Having to look into globalization from a scientific view. Many international firms in the world have been turning to methods of using resources that, in the end, harm the environment. In this case, the results lead to the emission of gasses that are unfriendly in the environment. These gases are the ones that mostly contribute to the possibilities of bringing about global warming. Presence of these gases in the atmosphere block radiations from the earth. This phenomenon is known as the greenhouse effect. The greenhouse gasses allow radiations from the sun to pass but block radiations from the ground (Lashof & Ahuja, 1990). This increases the temperatures of the atmosphere, thus leading to global warming.

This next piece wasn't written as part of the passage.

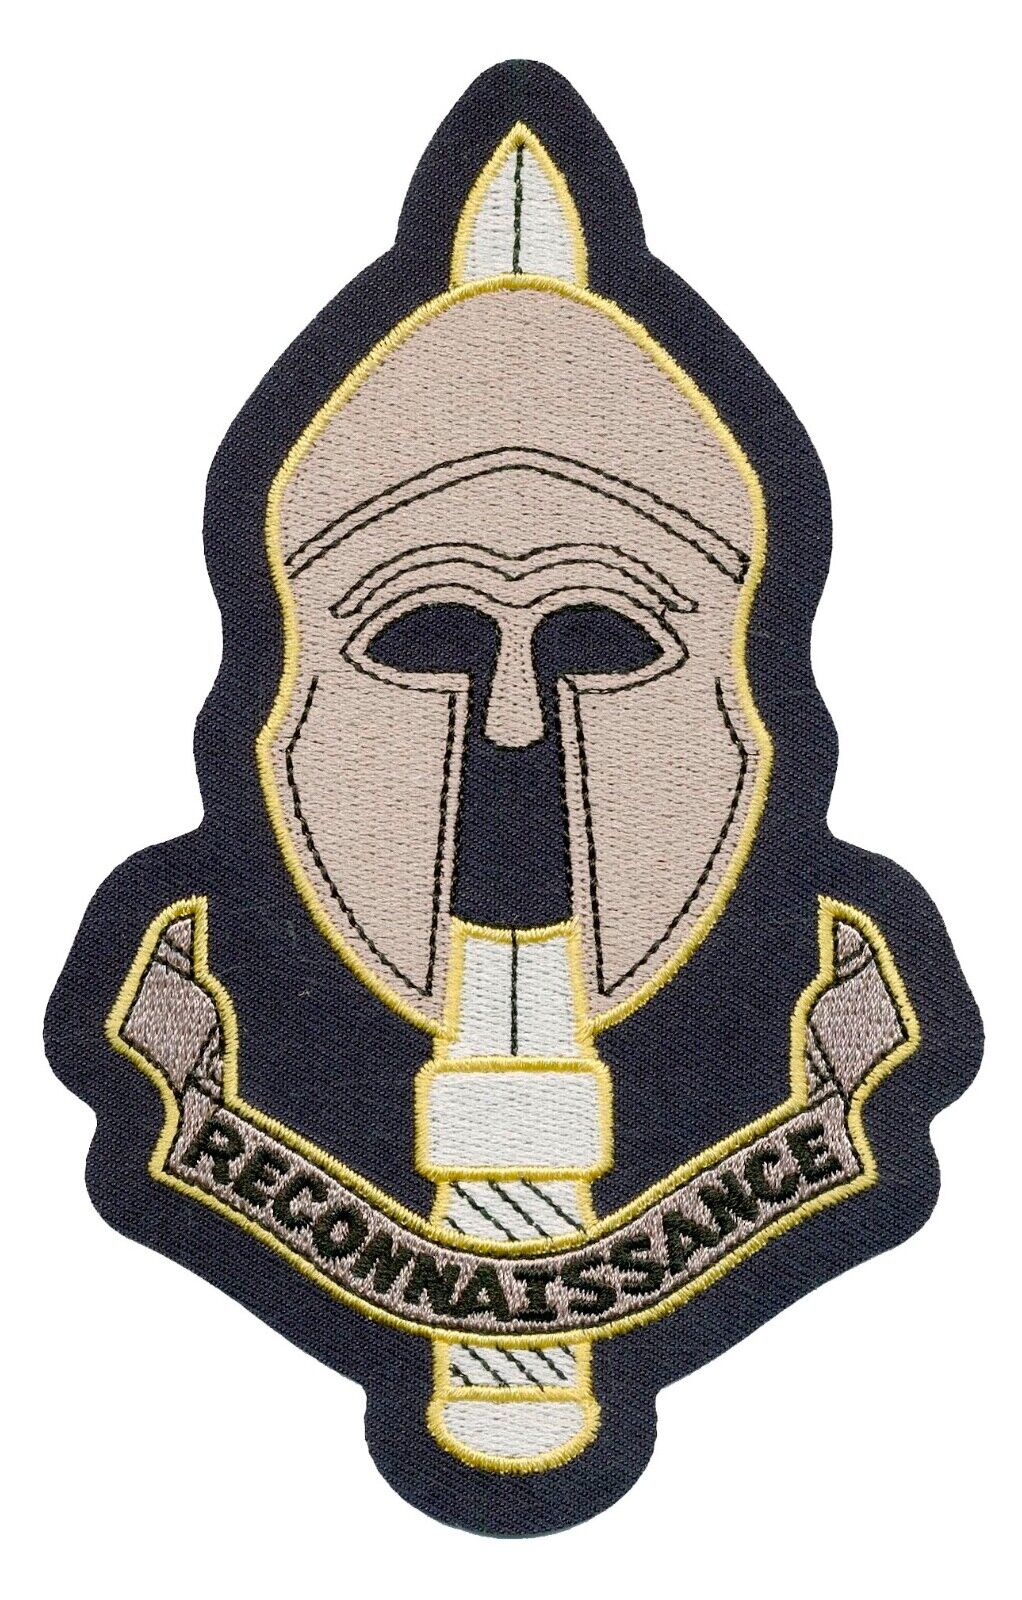 British Special Reconnaissance Regiment SRR Patch

Looking through the lens of chemistry as applied science, one can see that the existence of greenhouse gasses in the atmosphere has led to having acid rain. This type of rain has severe impacts when it rains. The acidic particles corrode metals and materials. This calls for institutions and even individuals to invest in replacing the materials.

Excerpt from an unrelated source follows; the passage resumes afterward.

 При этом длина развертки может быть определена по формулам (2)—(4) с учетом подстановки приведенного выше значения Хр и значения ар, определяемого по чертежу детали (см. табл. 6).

Acid rain also harms the large farm institutions. The rain changes the composition of soil and bodies of water, making them unfriendly. This poses the risk of losses for such firms. This calls for such institutions to invest heavily in how to deal with the situation (Drori, 2003). Therefore, it is correct to say that globalization has led to the invention of ways that cause harm to the environment, thus having severe consequences.

Therefore, institutions that are influenced by globalization should find alternative ways that do not harm the environment in their method of manufacturing. This can reduce the rate at which greenhouse gasses increase in the atmosphere (Drori, 2003). Another way has machines and vehicles that use solar energy rather than having them emit these harmful gasses into the atmosphere.

Globalization from the lens of Social Sciences View

Looking into history as a social science lens, one can understand that globalization has been a process in constant change. This is because, over time, it has led international firms to adopt techniques that are harmful to the environment by trying to remain at the top as a result of competition. There exist other factors that cause global warming. Most of which lie under globalization. Therefore, it is correct to say that globalization is the leading cause of climate change.

Besides, sociology is also another social science that explains best on people's activities on how they lead to global warming. This helps one understand more about how humans relate to the environment, thus causing global warming (Buttel & Taylor, 1992). Globalization plays a significant role in causing humans to react in a certain way that harms the environment to keep up with the times.

Having to combine the two, globalization has been leading people to behave in a certain way that leads them to harm the environment. Having to look at deforestation as one of their actions, it has led to increased carbon dioxide concentrations in the atmosphere. Globalization has also, in a way, led to people to use fossil fuels, which pose a risk in increasing the rate of global warming. Mining is also another human activity that has led to global warming.

Therefore, by having done this, they have been contributing to global warming. This has resulted in the change of weather patterns with time. This change of weather patterns has led to certain places to experience flooding and other droughts. This has impacted health institutions negatively. This is because, during these calamities, there are usually outbreaks of diseases (Drori, 2003). This calls for governments to invest heavily in medications and treatment for the people affected by the diseases.

Therefore, the only solution that exists for the issue of global warming through the social science lens is having to create awareness and educating people on the importance of protecting the environment - enlighting them more on the global warming issue and how to adopt mechanisms that do not contribute in harming the environment.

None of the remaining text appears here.